■ **Activity**: Give the listing again in full, matching it character for character.
#### Provided data ####
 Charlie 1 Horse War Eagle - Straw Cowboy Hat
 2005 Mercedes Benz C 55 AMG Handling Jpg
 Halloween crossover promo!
####
■ **Response to the exercise**:
 Charlie 1 Horse War Eagle - Straw Cowboy Hat
 2005 Mercedes Benz C 55 AMG Handling Jpg
 Halloween crossover promo!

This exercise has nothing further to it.